Всеобщее равенство чувств

   Садизм — это болезнь, присущая большинству. В толковых словарях можно прочесть: “Садизм — 1) Сексуальное отклонение, связанное с желанием причинить партнеру боль. 2) Ненормальное пристрастие к жестокости и истязаниям”.
   Хотелось бы узнать, кто устанавливал нормы, и могут ли они здесь присутствовать вообще? Садистом можно считать каждого, кто испытывает положительные эмоции при мыслях о чужом страдании. Дяденька, зарезавший множество граждан, ничем не хуже тетеньки, лишь мысленно зарезавшей кого-то одного. Глупо считать садистами только тех, кто не способен сдержаться. Может ли существовать в природе развитой, умственно полноценный человек, ни разу не испытавший удовольствия при мысли о чужом страдании? Наверное, нет. Садизм — болезнь излечимая, но желающих лечиться крайне мало. От садизма избавляет только одно — отсутствие личных душевных страданий. Очень немногие духовно развитые люди сумели добиться успеха в этом. Все остальные наслаждаются садизмом как единственным лекарством, способным заглушить собственную боль. Садизм и насилие часто соприкасаются, но это разные явления. Равнодушного палача, исполняющего свой долг без всякого удовольствия, садистом назвать нельзя.

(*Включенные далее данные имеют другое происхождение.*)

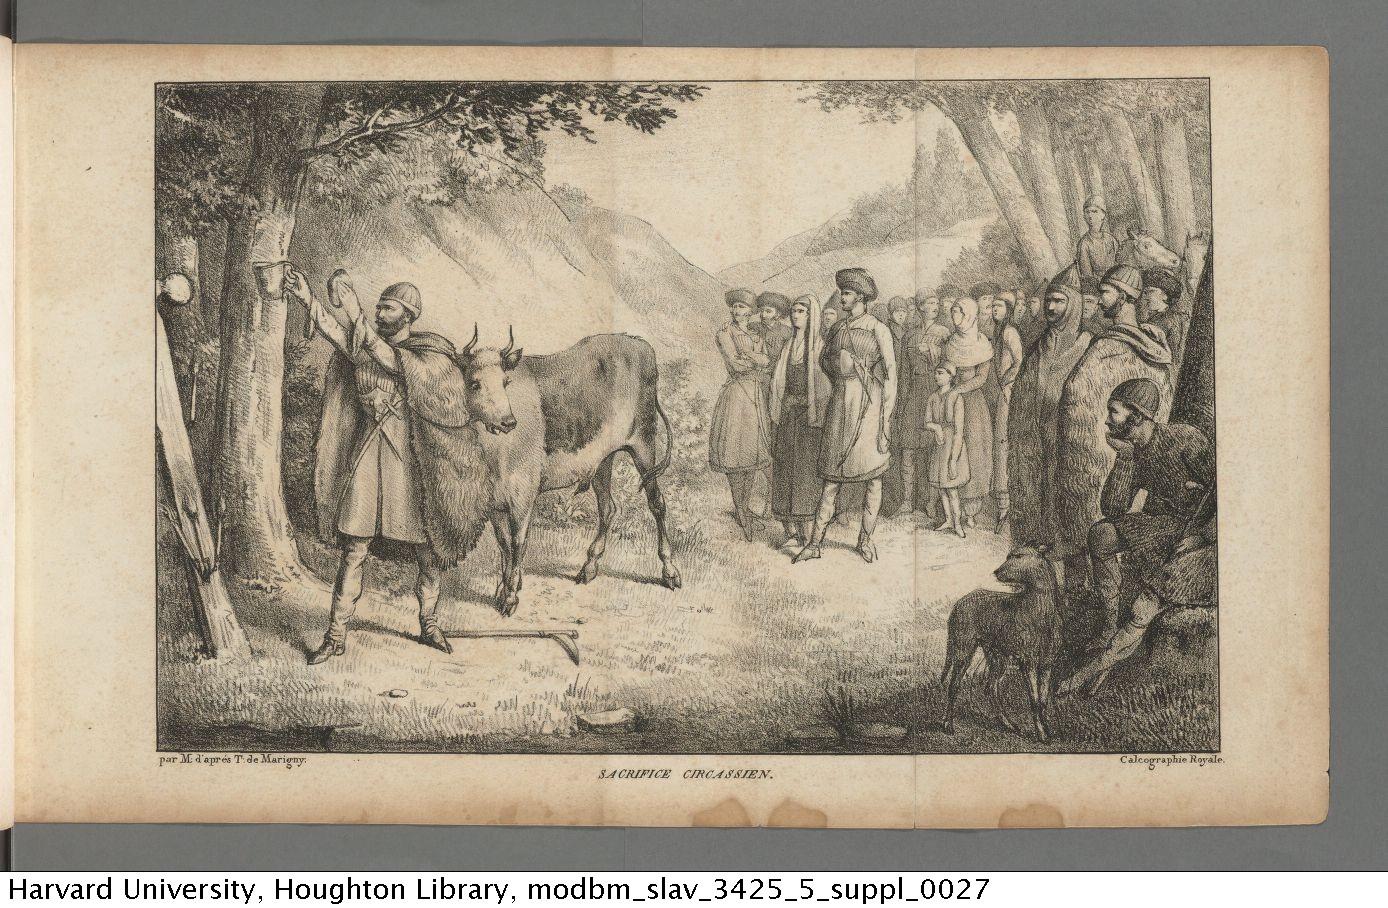 Taitbout de Marigny, Edouard, chevalier. <em>Voyage en Circassie</em>, 1821. Slav 3425.2.5* Suppl.

   Наше непонимание законов жизни порождает вечное несогласие с ними. Нас мучает буквально все: сильный ветер и слабый дождь, глупость правительства и мудрость соседа. Другими словами, нас мучает ограниченность собственных возможностей. Установленное Богом неравенство истязает людей обязательностью ограничений. У каждого человека свой потолок возможностей и соответствующие ограничения. Но все одинаково чувствуют боль и равны перед смертью. Hаиболее легкий способ установить равенство с ближним — это причинить ему боль. Единственное реальное равенство в природе — это равенство чувств. Борьбу людей за равенство чувств можно увидеть повсюду. Человек, страдающий при виде чужого богатства, использует любую возможность поделиться с богатым своим чувством боли. Когда “богатые тоже плачут”, измученный завистью человек испытывает наслаждение. Состоятельным людям любят портить нервы или имущество, иногда у них отнимают физическое здоровье или жизнь. Каждый садист действует согласно своему вкусу и в меру собственных сил. Но когда невыносимую жажду садистических удовольствий начинает испытывать все общество, садисты объединяют усилия и делают РЕВОЛЮЦИЮ.

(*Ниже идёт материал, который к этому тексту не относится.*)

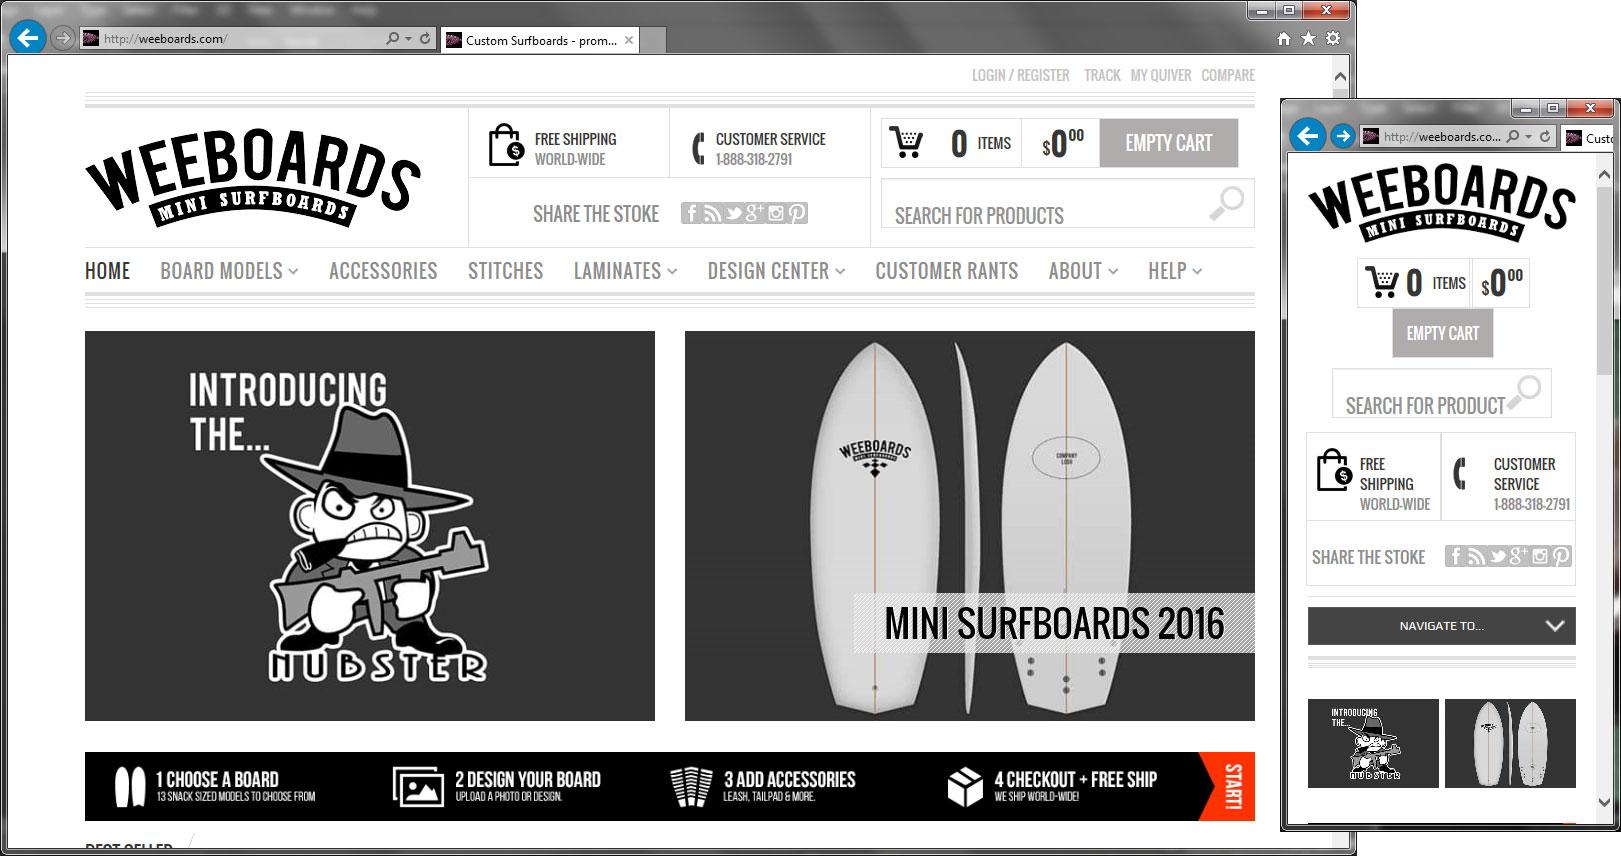 website-design-services-oc40.jpg

   Эпоха перемен радует людей безнаказанностью преступлений и возможностью насладиться чужими страданиями в полной мере. Все, кто мучил завистников своим превосходством, платят сполна.

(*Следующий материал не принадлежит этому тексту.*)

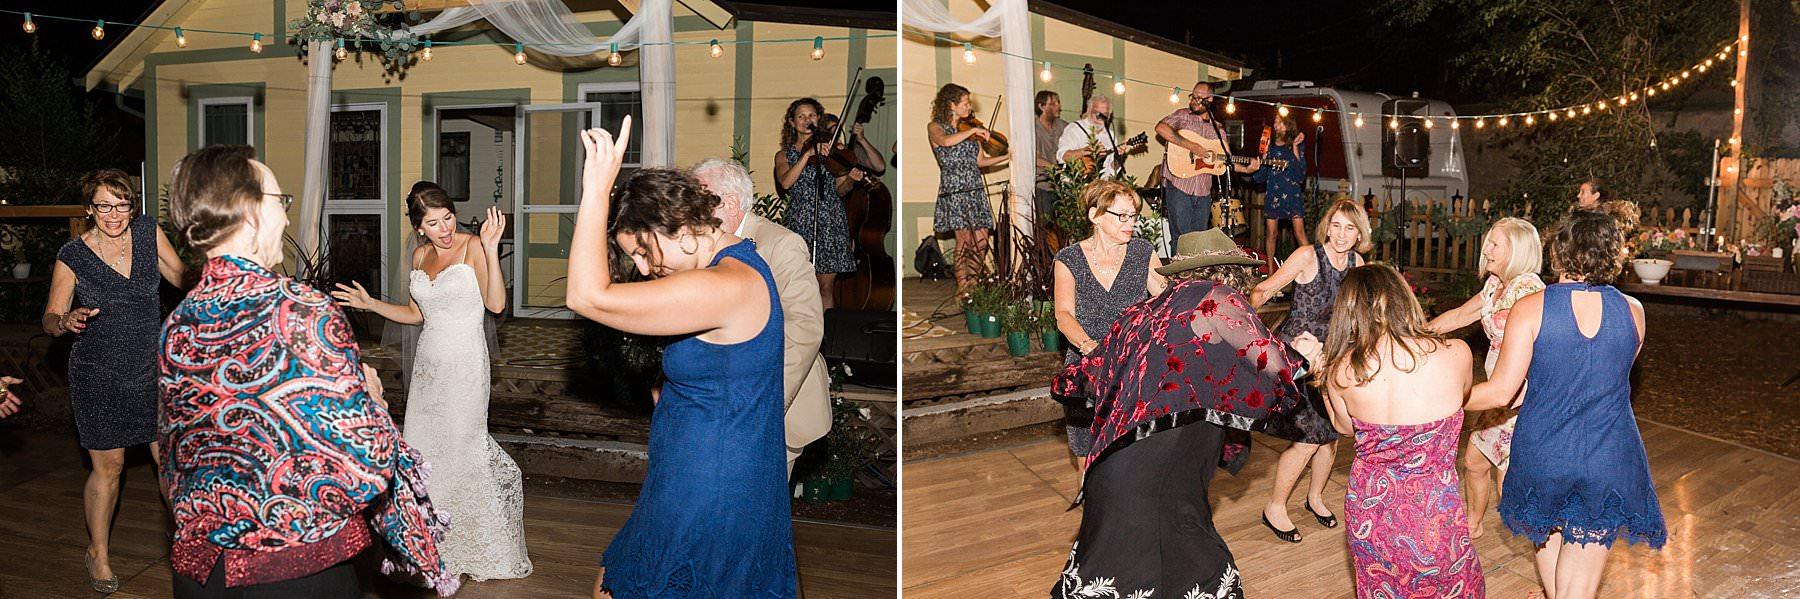 Backyard Wedding,DIY Wedding,Flagstaff Wedding,

   Ликующий народ рубит головы королям, добивает штыками императорских дочерей, топит в проруби священников, глумится над мудростью ученых, вешает удачливых политиков, уничтожает состояние богатых. Охваченные садистическим экстазом, люди убивают ближних за курицу или корову, пишут доносы на родственников и друзей, предают огню хижину соседа.
   У каждой революции свой лозунг: кто-то требует конституции, кто-то парламента. Но в реальности людям нужен не парламент, а врач-психиатр.
   Садизм — это социальная болезнь. В животном мире существует только естественное, необходимое насилие, лишенное всякого садизма. Волчью стаю превосходство вожака не мучает, здесь каждый знает свое место. Лев раздирает буйвола именем собственного голода, а вполне сытые люди истребляют друг друга ИМЕНЕМ ПРАЗДНИКА САДИСТОВ — то есть революции.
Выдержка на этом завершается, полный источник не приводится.